The GPU hardware supports predication of almost all instructions. This is not a concept unique to GPUs; you may have heard that the ARM CPU architecture also allows predication of most instructions.
Conceptually you can think of predication causing an instruction to be executed but the writing of the result to be suppressed if the predicate the instruction is associated with evaluates to FALSE. The reality is more complicated but the preceding should suffice for code generation iscussions. The currently shipping GPUs have multiple predicate registers for this purpose, so different instructions can be predicated using different predicate registers.
When looking at these kind of code generation issues, you would always want to examine the machine code (SASS), rather than PTX. PTX is simply an intermediate language, and it is compiled to machine code. This second stage of compilation applies many optimizations, one of which is if-conversion, that is the conversion of conditionally executed code into either a sequence of predicated instructions or select-type instructions (CMOV on x86 is a select-ype instruction). You can dump the machine code by running cuobjdump --dump-sass.
To first order, you would want to let the compiler figure out the best way to translate branchy code, as there are many trade-offs. For example, every instruction in a sequence of predicated instructions must be executed by all threads, while this may not be necessary when a branch is used, meaning the predicated code may actually require in an increase in execution time. On modern GPUs (>= sm_20), the compiler may therefore combine predication with uniform branches (BRA.U) for best overall results. Similarly, there are tradeoffs between predicated instructions and select-type instructions. In looking at a recent optimization case on Kepler, I was wondering why the compiler used a mixture of predication and select-type instructions (instead of 100% predication), only to find that this did indeed provide the best performance.

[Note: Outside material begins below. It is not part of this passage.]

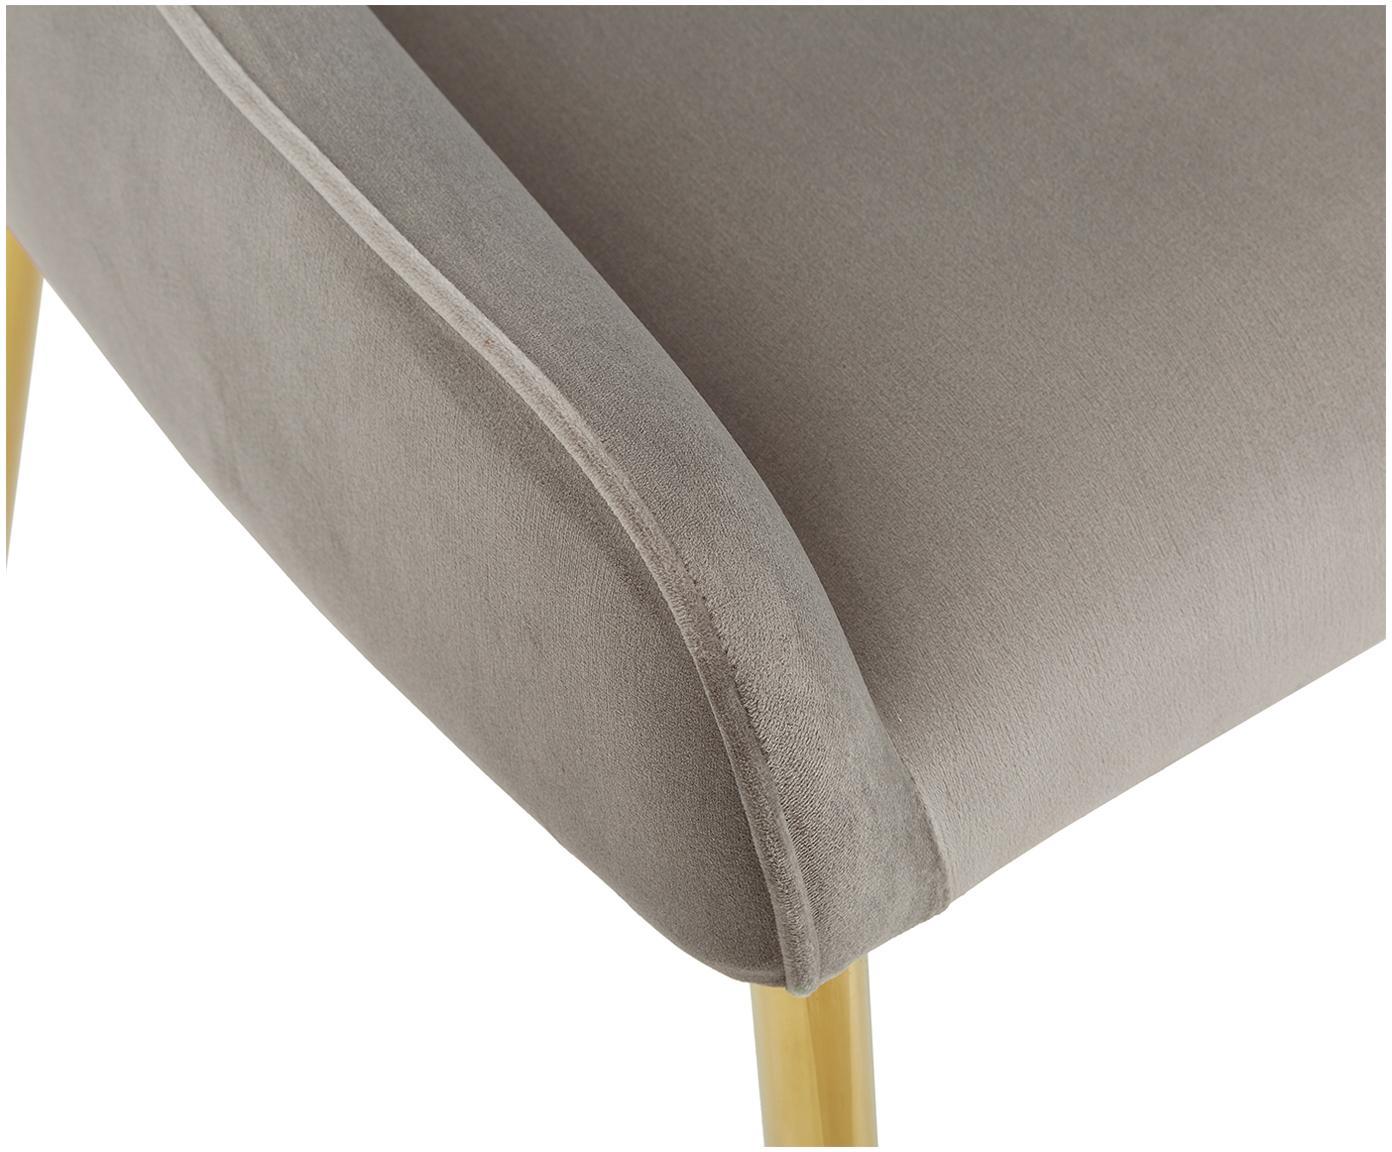 Fluweel gestoffeerde stoel Ava, Bekleding: fluweel (100% polyester), Poten: gegalvaniseerd metaal, Taupe, B 55  x D 60 cm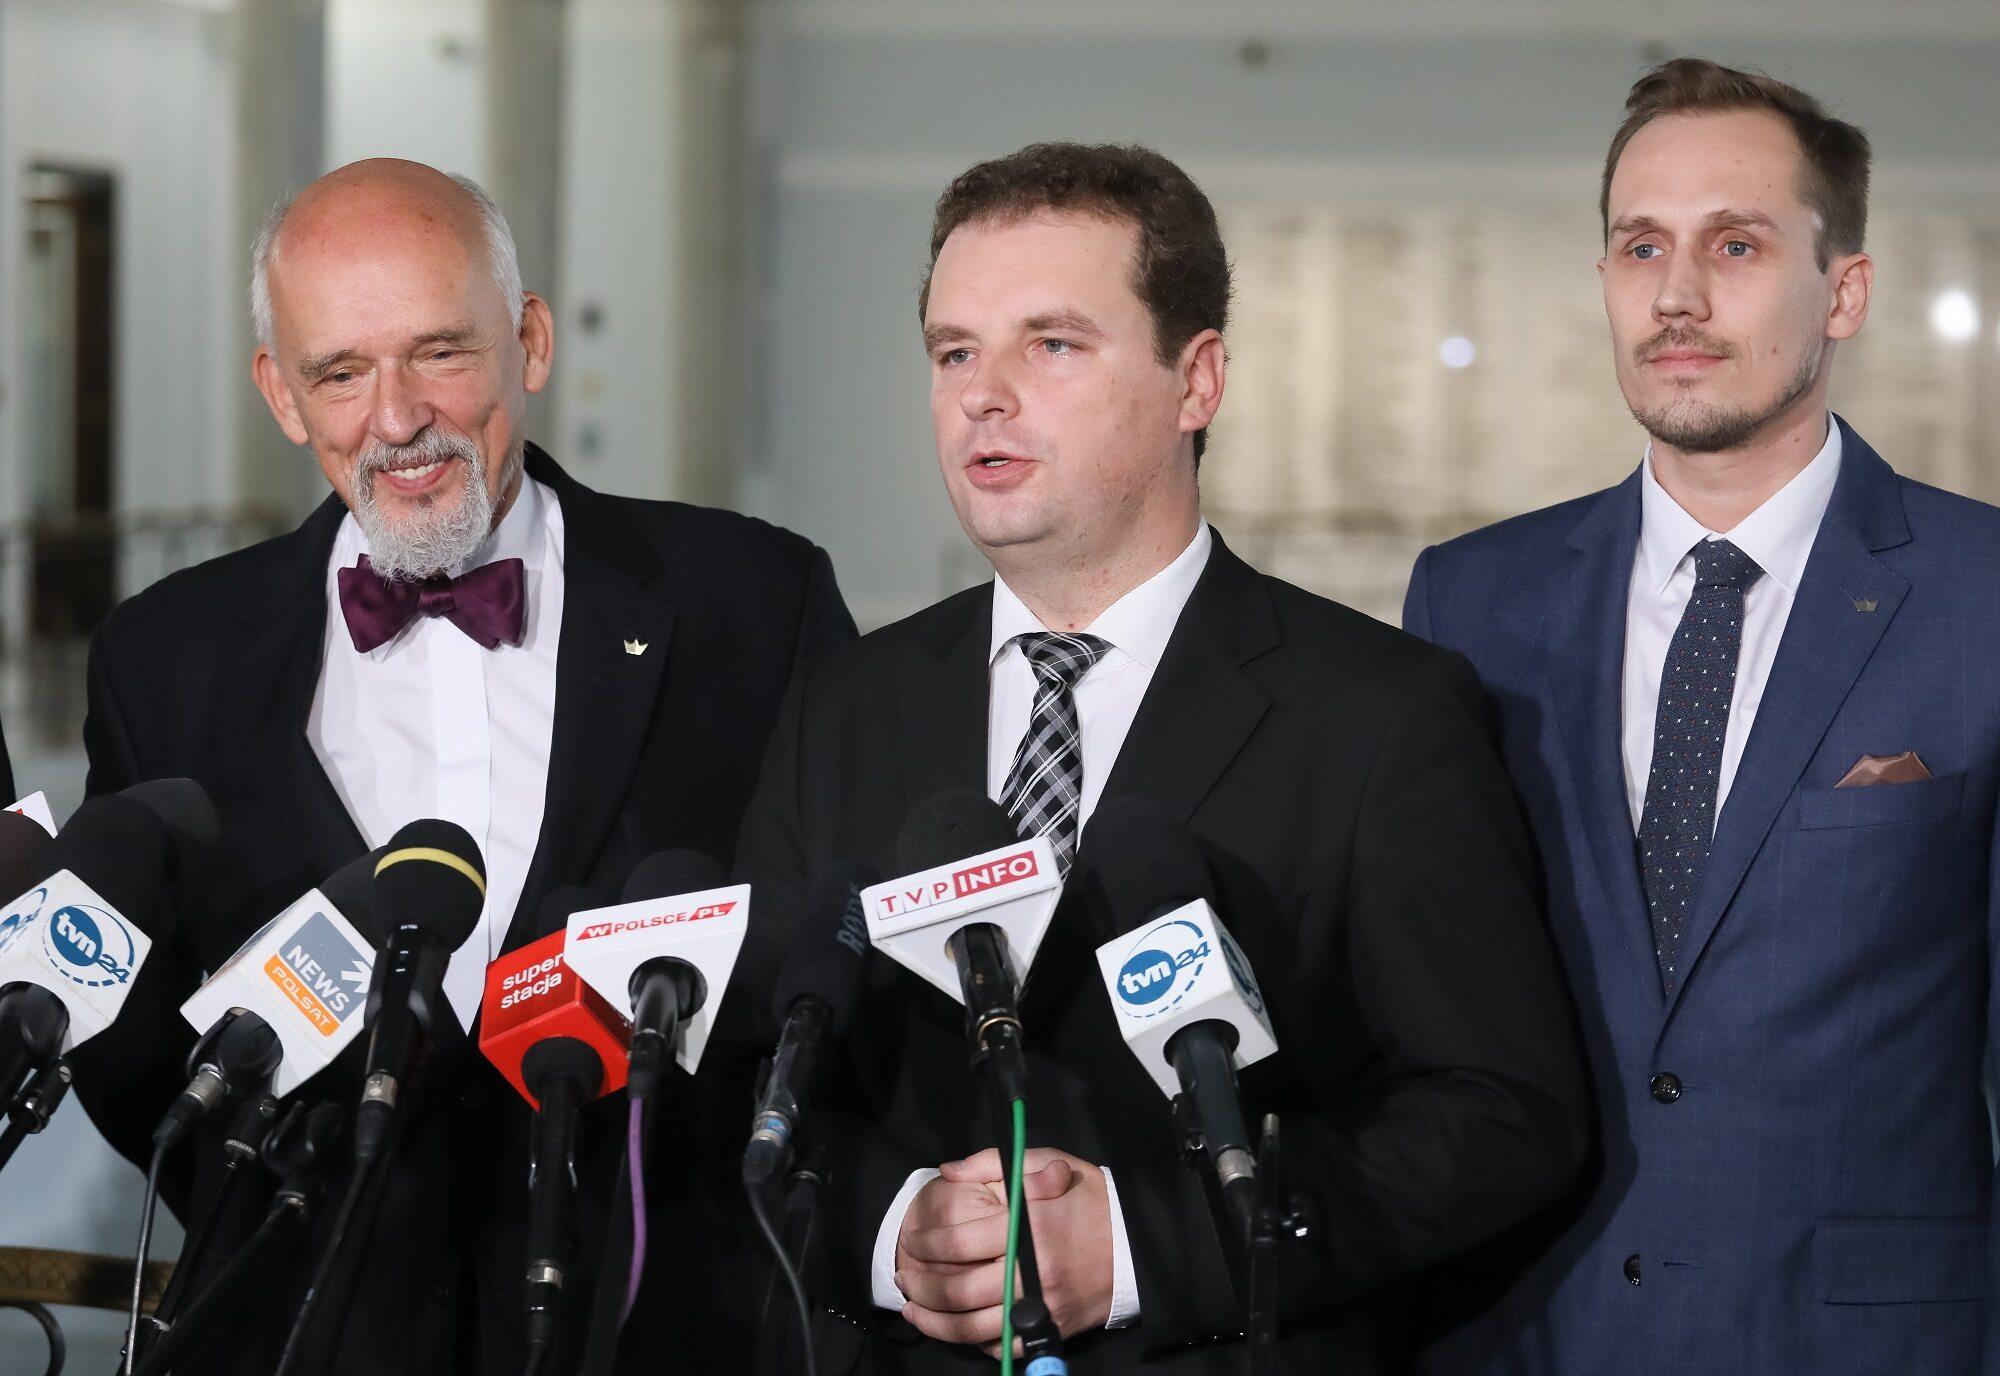 Janusz Korwin-Mikke, Jacek Wilk, Konrad Berkowicz

If you write your code at PTX level, you will find that writing the code with predication does not always result in predication being used at the machine code level: sometimes a conversion to select-type instructions takes place. In some optimization cases where I disagreed with such a decision by the compiler, I have found that if I write the code with branches at PTX level I have a better chance of getting predicated instructions in the machine code. Note that this is an observation of a code generation artifact, not a guaranteed way to generate certain machine code.